Data structures: Tree special

A special section on trees/heaps/graphs because these are the data structures I have used the least professionally. Find the introduction on data structures here.

From graphs..

Graphs can be implemented in three ways says Google/get that job at Google. These are objects and pointers, adjacency list and adjacency matrix, very nicely explained here. In this Leetcode question adjacency list is used backed up by a 2D array but it could have been a Hashmap<Vertex, List<Vertex>, a List<List<Integer>> (ok same as a 2D array) etc. Note that adjacency list as is is not appropriate for weighted graphs.

Method Suitable for
Pointers easy to recurse, (un)weighted
Matrix dense graphs, (un)directed, (un)weighted
List sparse graphs, unweighted

For reference, there are other ways too, e.g. edge list (it is what the name suggests: a list of edges, the 3rd way listed here, incidence matrix? or this pointer-hell but you are not likely to encounter those.

Analysis

Analysis is done based on edges and vertices (instead of just n).

Source

Operation Add/delete edge Are i-j connected Find path i-j Find successors of i
Matrix O(1) O(1) O(n^2) O(n)
List of vertices to vertices logn logn O(V+E) for DFS O(k): k being the list of successors

Pointers: easy to recurse, can support weights. Space analysis: for sparse graphs

TODO complete with Nutshell and wiki

..to trees

Trees are special cases of graphs: an undirected graph that is connected but has no cycles 2. Terminology on trees is not universally agreed upon. Here I follow 2's names.

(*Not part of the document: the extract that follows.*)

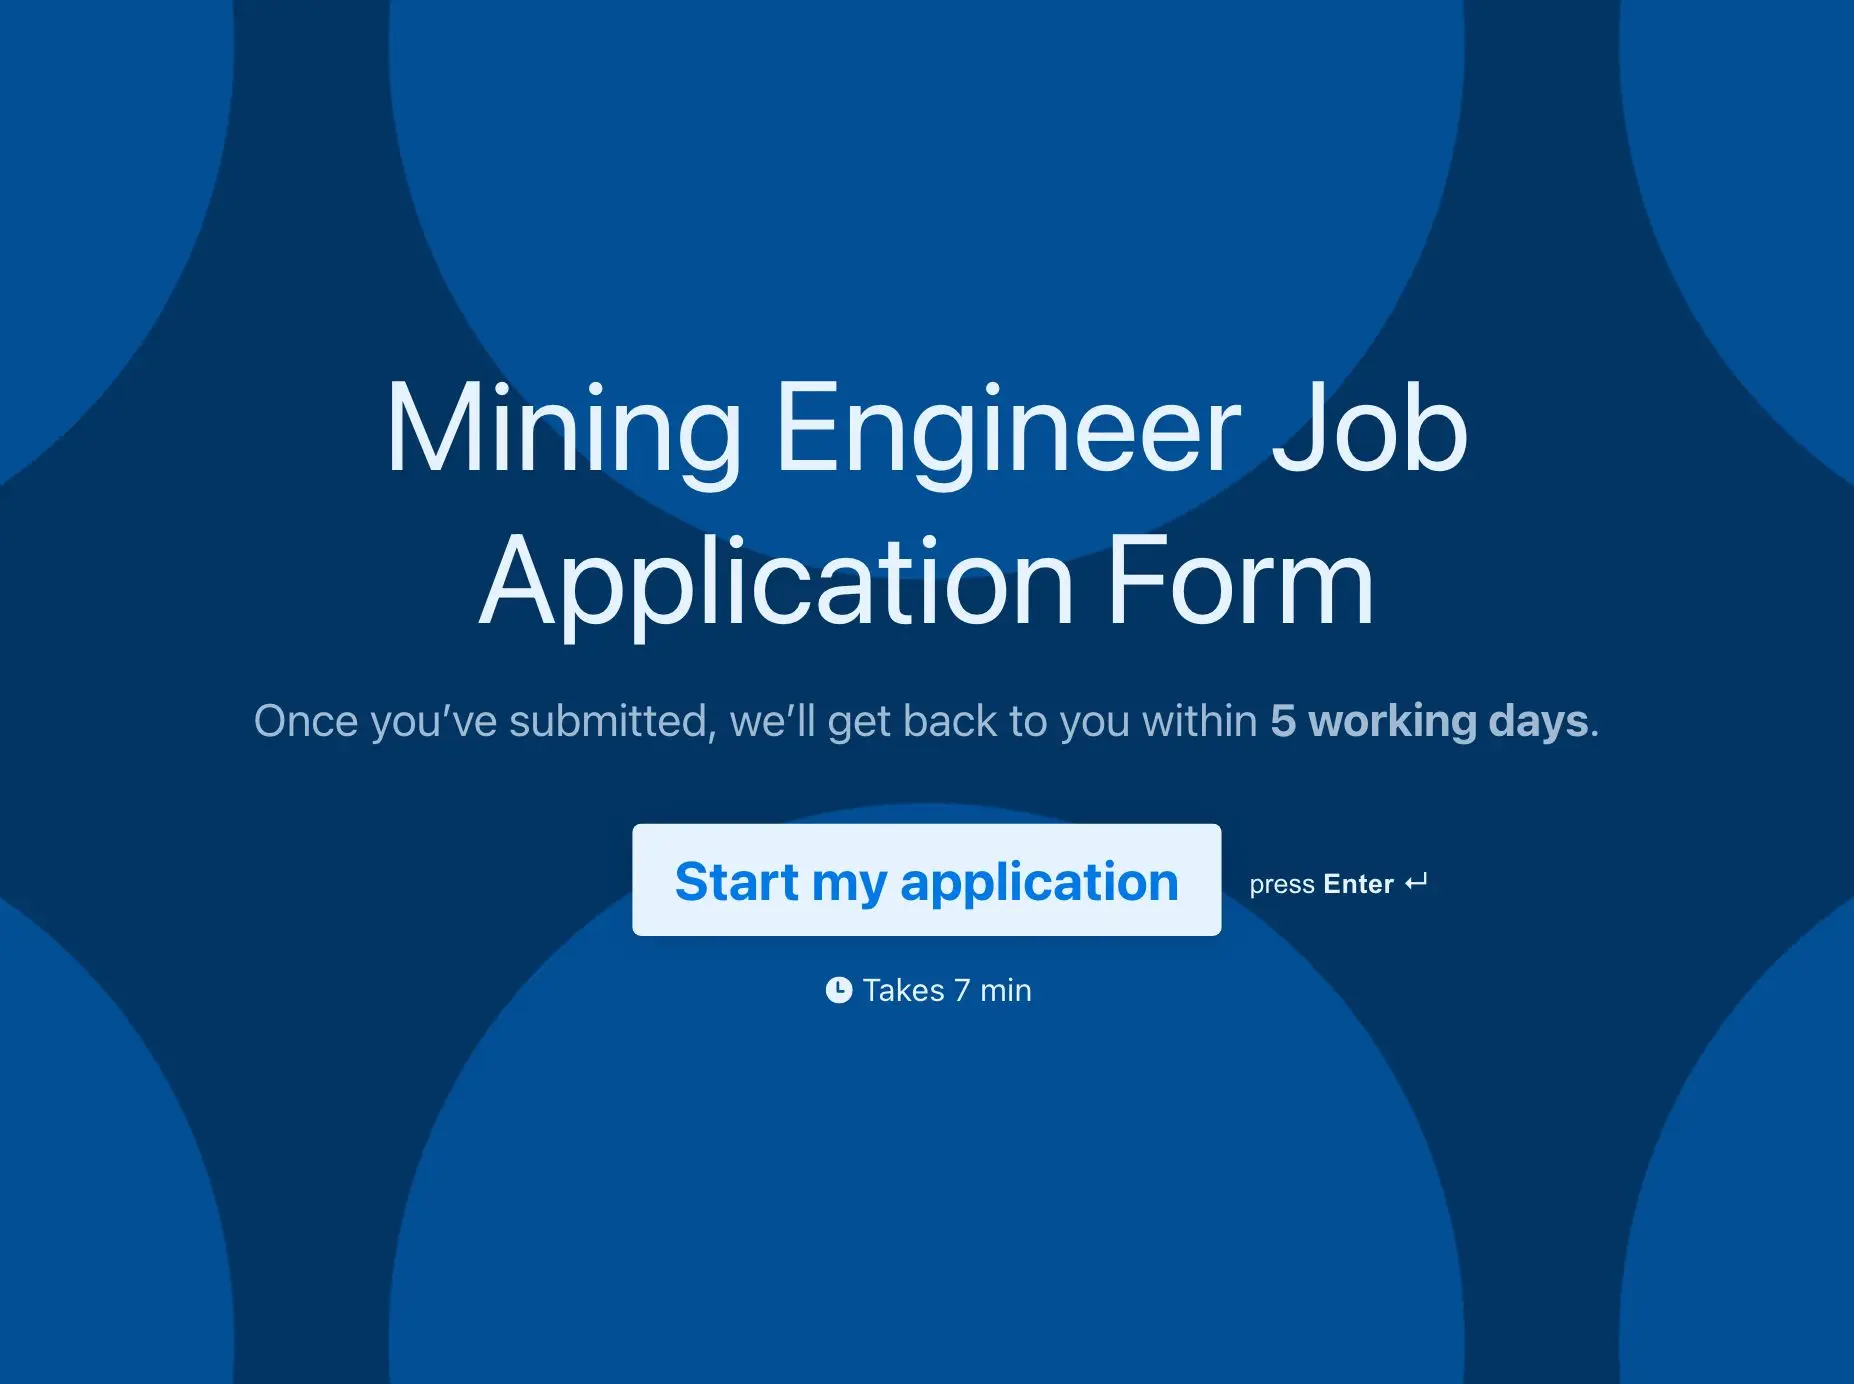 Mining Engineer Job Application Form Template Hero
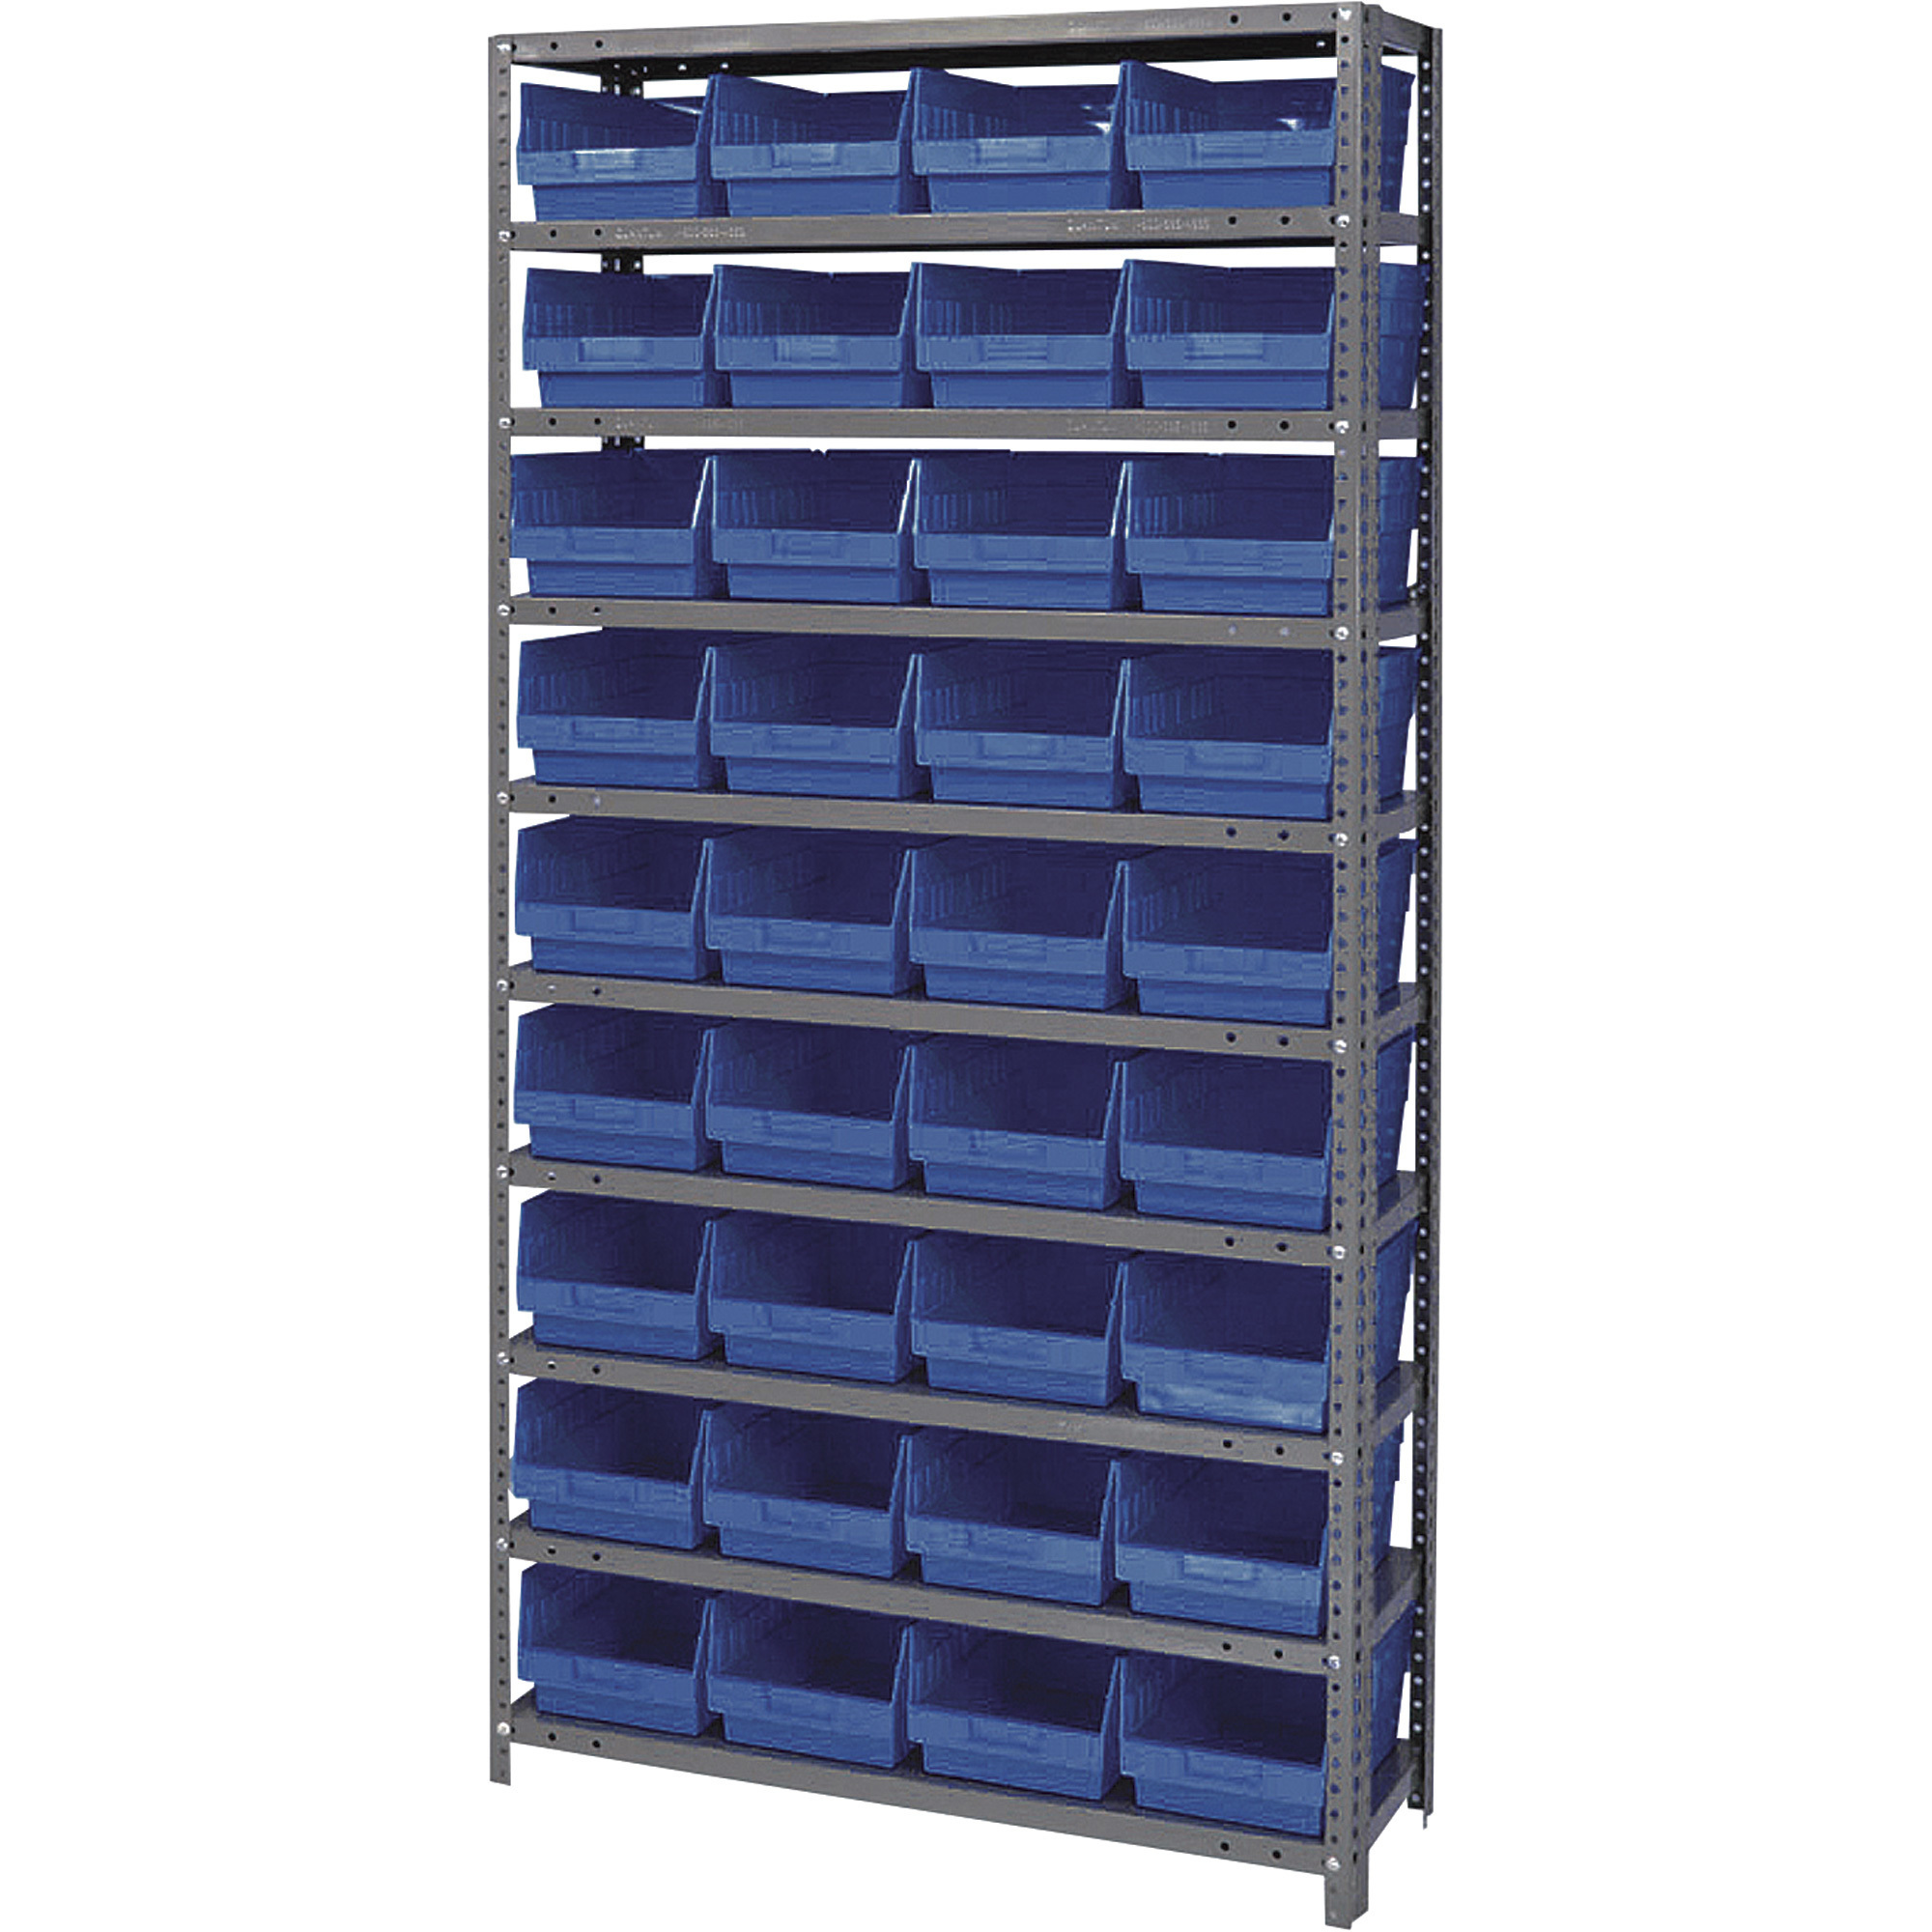 Quantum Storage Metal Shelving Unit with 36 Bins, 36Inch W x 12Inch D x 75Inch H, Blue, Model 1275-207BL

We are mostly interested in binary trees: formally, a binary tree is either empty or a root with a left and right binary tree. Less formally, each node has at most two children (a special case of k-ary tree for k=2).

  • Depth of root is 0. Height of the tree is the maximum depth of any node. A level consists of nodes on the same depth. A leaf is a node with no children (or descendants).
  • Every node has a unique parent (except the root). The path to a node from the root is unique as well.
  • Full binary tree: every node beside the leaves has 2 children.
  • Perfect: a full tree in which all leaves are at the same depth
  • Complete: every level except possibly the last is completely filled (so every node beside the leaves has 2 children=full tree??) and all nodes are as far left as possible.
  • Balanced: a tree which for every node, the height of the left and right subtrees differ at most by 1. A perfect or complete tree is balanced but not vice versa. The height of a balanced binary tree is logn (which is also the minimum height a tree can take)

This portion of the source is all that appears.